GNU sta a "new" come Giotto sta a "riduzione al moderno": della rinnovata Galleria Nazionale dell'Umbria e della sua mostra su Giotto e San Francesco

L'edificio della Galleria Nazionale dell'Umbria (GNU), che ha sede nel Palazzo dei Priori di Perugia, è stato rigenerato per il futuro: dopo quattro anni di progettazione ed uno di lavori, il museo nel cuore d'Italia è diventato un diaframma perfetto tra le opere in esso esposte e l'ambiente, sia urbano che naturalistico, in cui è armoniosamente inserito.

ItriArt Giotto
Maestro della Croce di Gubbio
croce processionale bifacciale
(1300 - 1305) 
Gli ampi spazi che accolgono il visitatore sono inondati di una luce diffusa e mitigata nella sua potenza da dei filtri alle finestre con una duplice funzione: da una parte tutelano la salute delle opere custodite al loro interno, dall'altra consentono l'affaccio sul paesaggio umbro, in primavera particolarmente mite e verdeggiante.

Questo colore, che si spartisce il riquadro delle trifore o delle finestre ad arco con l'azzurro del cielo, bene si accompagna all'ordine delle sale, bianche e razionali,  in cui il visitatore si trova a dialogare con il protagonista di quest'arte antica: il colore.

Le 40 sale ospitano 800 anni di storia dell'arte, dal XIII al XIX secolo, che si snodano tra opere di Nicola e Giovanni Pisano, Arnolfo di Cambio e capolavori di Piero della Francesca, del Beato Angelico, di Pietro di Cristoforo Vannucci, detto il Perugino, solo per citarne alcuni.

Del Perugino rapisce un trionfo di cromie nell'Adorazione dei Magi in cui il giovane pittore, fresco dell'alunnato presso il Verrocchio a Firenze, inserisce il proprio autoritratto nel personaggio in abito nero e berretto rosso, sul margine sinistro, mentre guarda "fuori" dal perimetro della scena, direttamente verso di noi. Le stoffe, i damaschi, le consistenze - come il velluto della figura a mani giunte - pare quasi di poterle toccare.
Perugino - Adorazione dei Magi (1475 circa)

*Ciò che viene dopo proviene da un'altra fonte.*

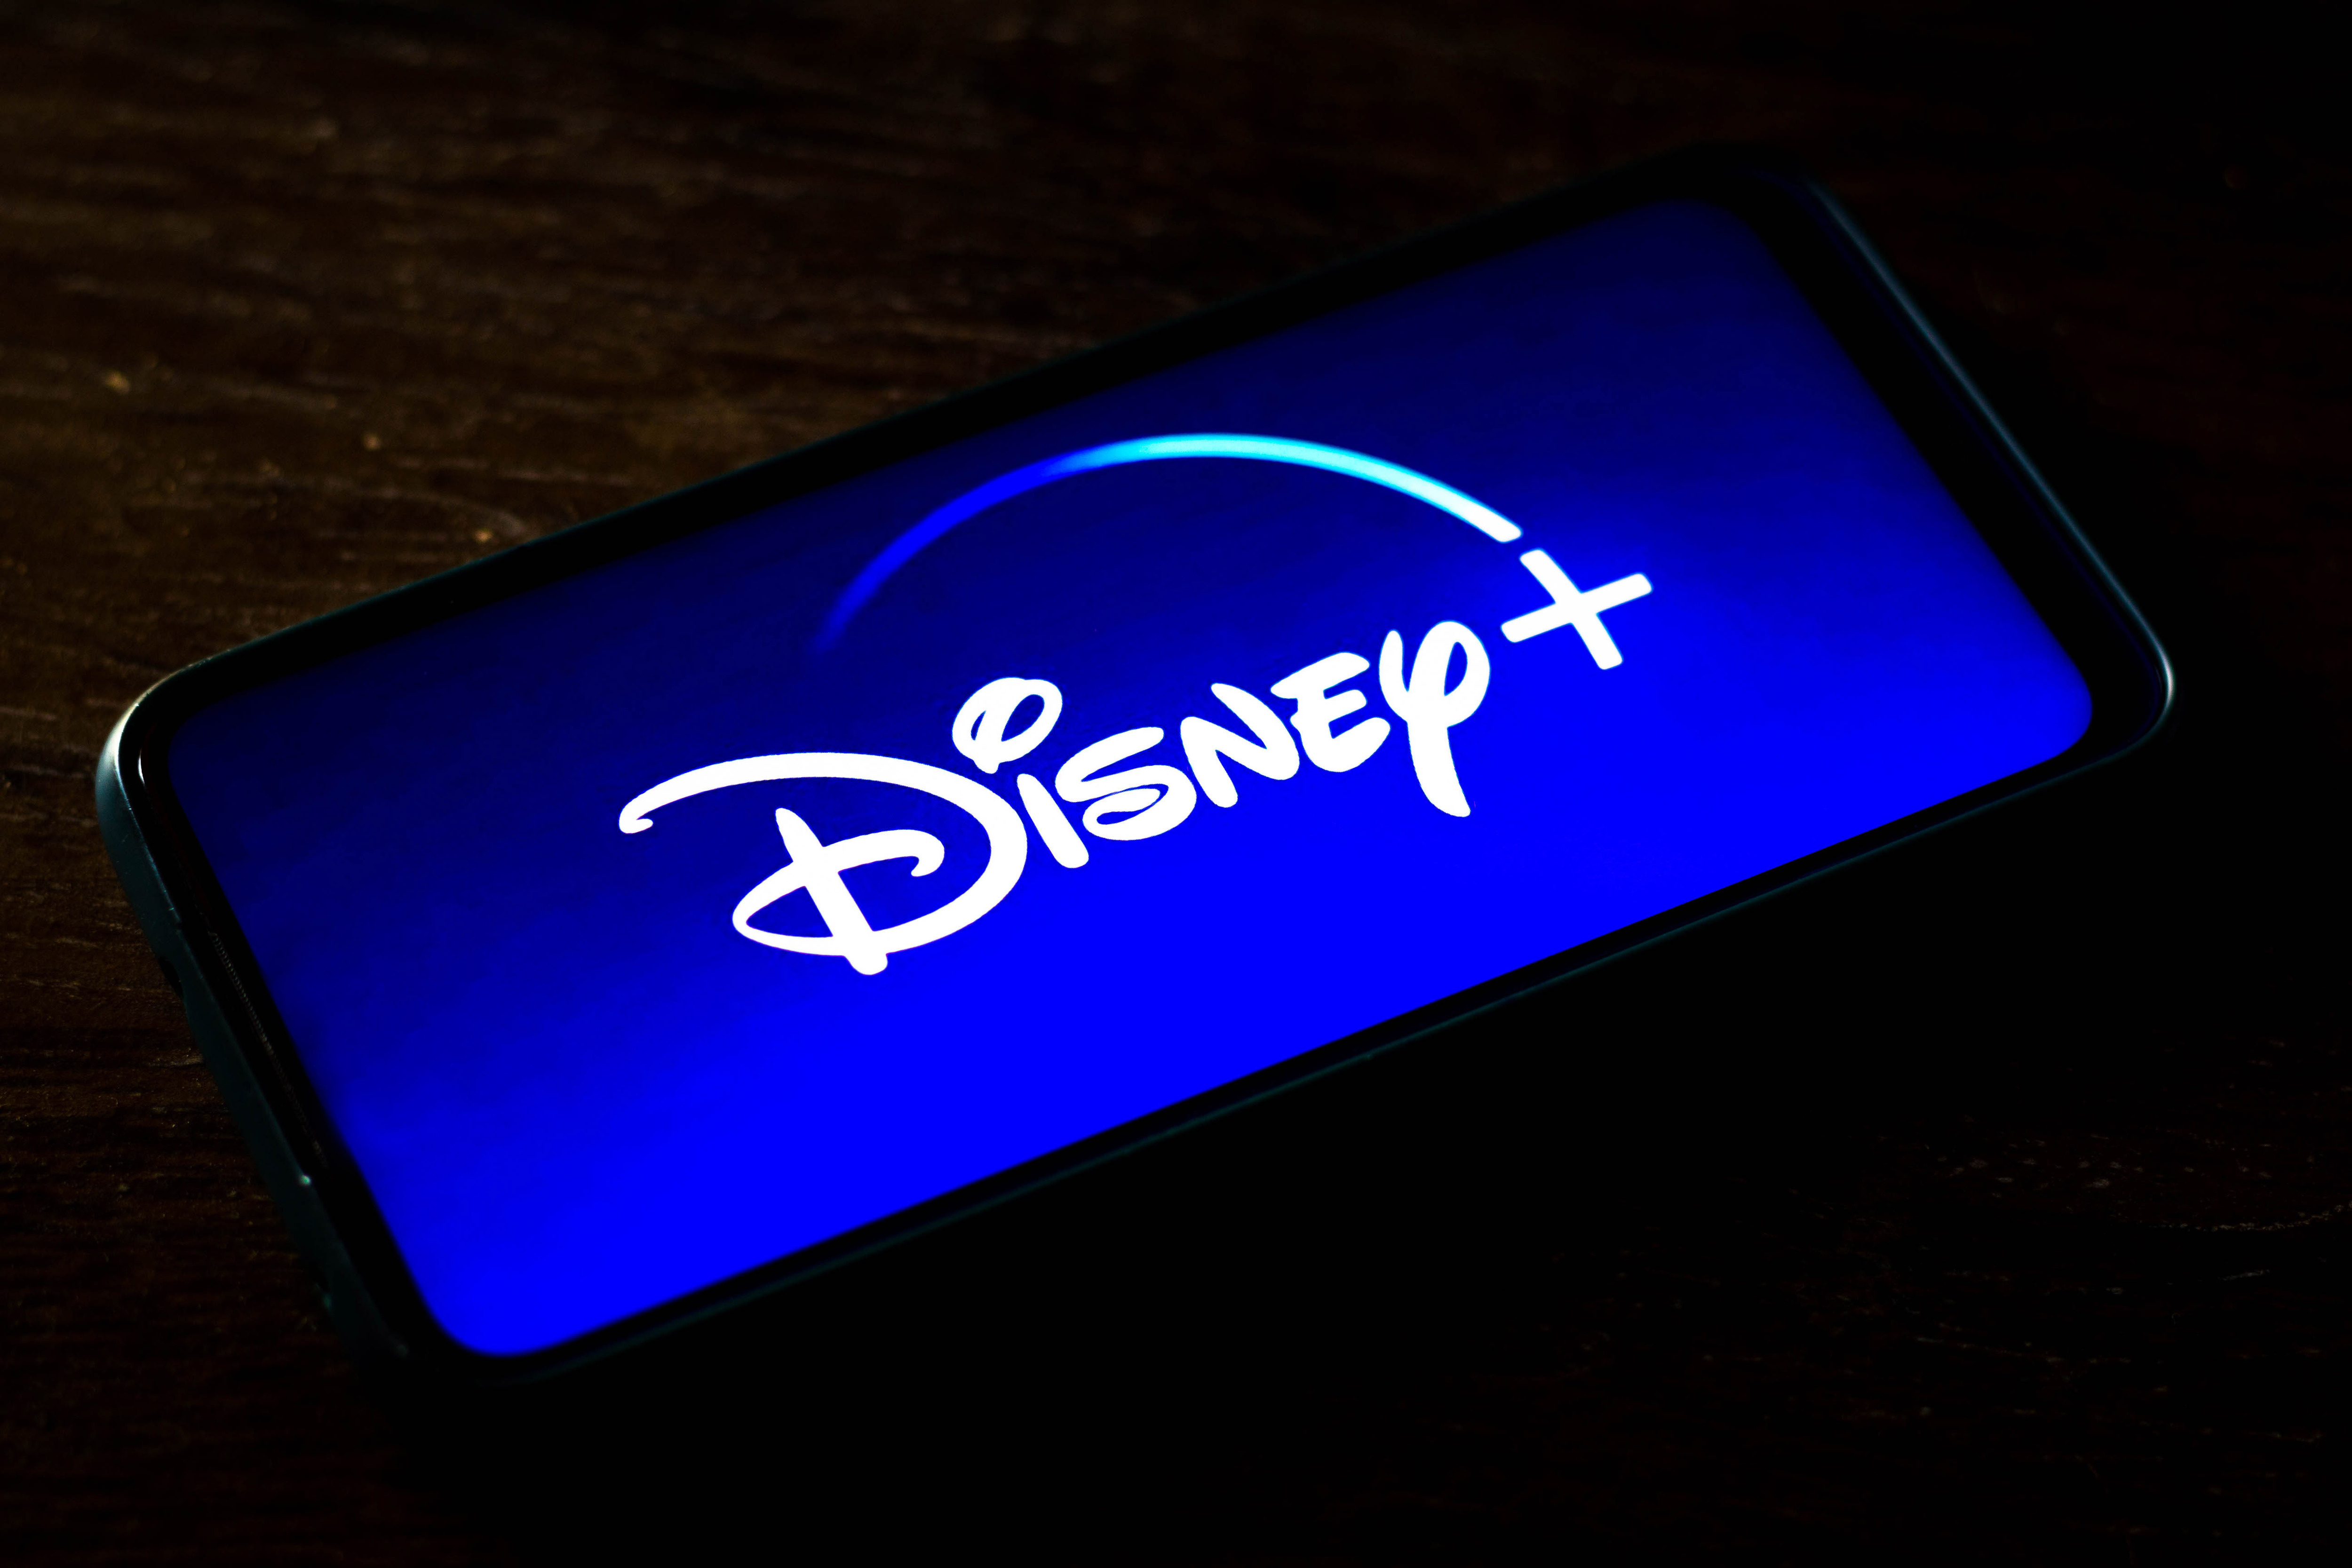 Photo illustration the Disney+ logo seen displayed on a smartphone screen

Attualmente la Galleria celebra l'ottavo centenario della morte di san Francesco d'Assisi con la mostra "Giotto e San Francesco. Una rivoluzione nell'Umbria del Trecento" a cura di Veruska Picchiarelli e Emanuele Zappasoldi. 
L'allestimento avvolge il visitatore in uno scrigno blu, come il rivoluzionario e naturalistico cielo di Giotto che interruppe la tradizione delle volte ieratiche in oro dell'arte bizantina.

Il nesso che, infatti, collega i due uomini, il santo e l'artista, è uno slancio naturale verso l'osservazione diretta e partecipata del Creato. Giotto, dall'esperienza degli affreschi assisiani, porta il nuovo segno di un'arte sia più umana che più attenta alla resa della natura.
Quando ci descrive Francesco, Giotto ci trasmette un rivoluzionario senso di tenerezza, mediante un linguaggio del tutto inedito, restituendo l'intimità di una visione personale, anzi, quasi privata, del rapporto a tu per tu con Dio.

Giotto di Bondone - Madonna con Bambino (1300 circa)
Opera realizzata per la devozione personale,
Oxford, The Ashmolean Museum

La mostra è in corso fino al 14 giugno 2026.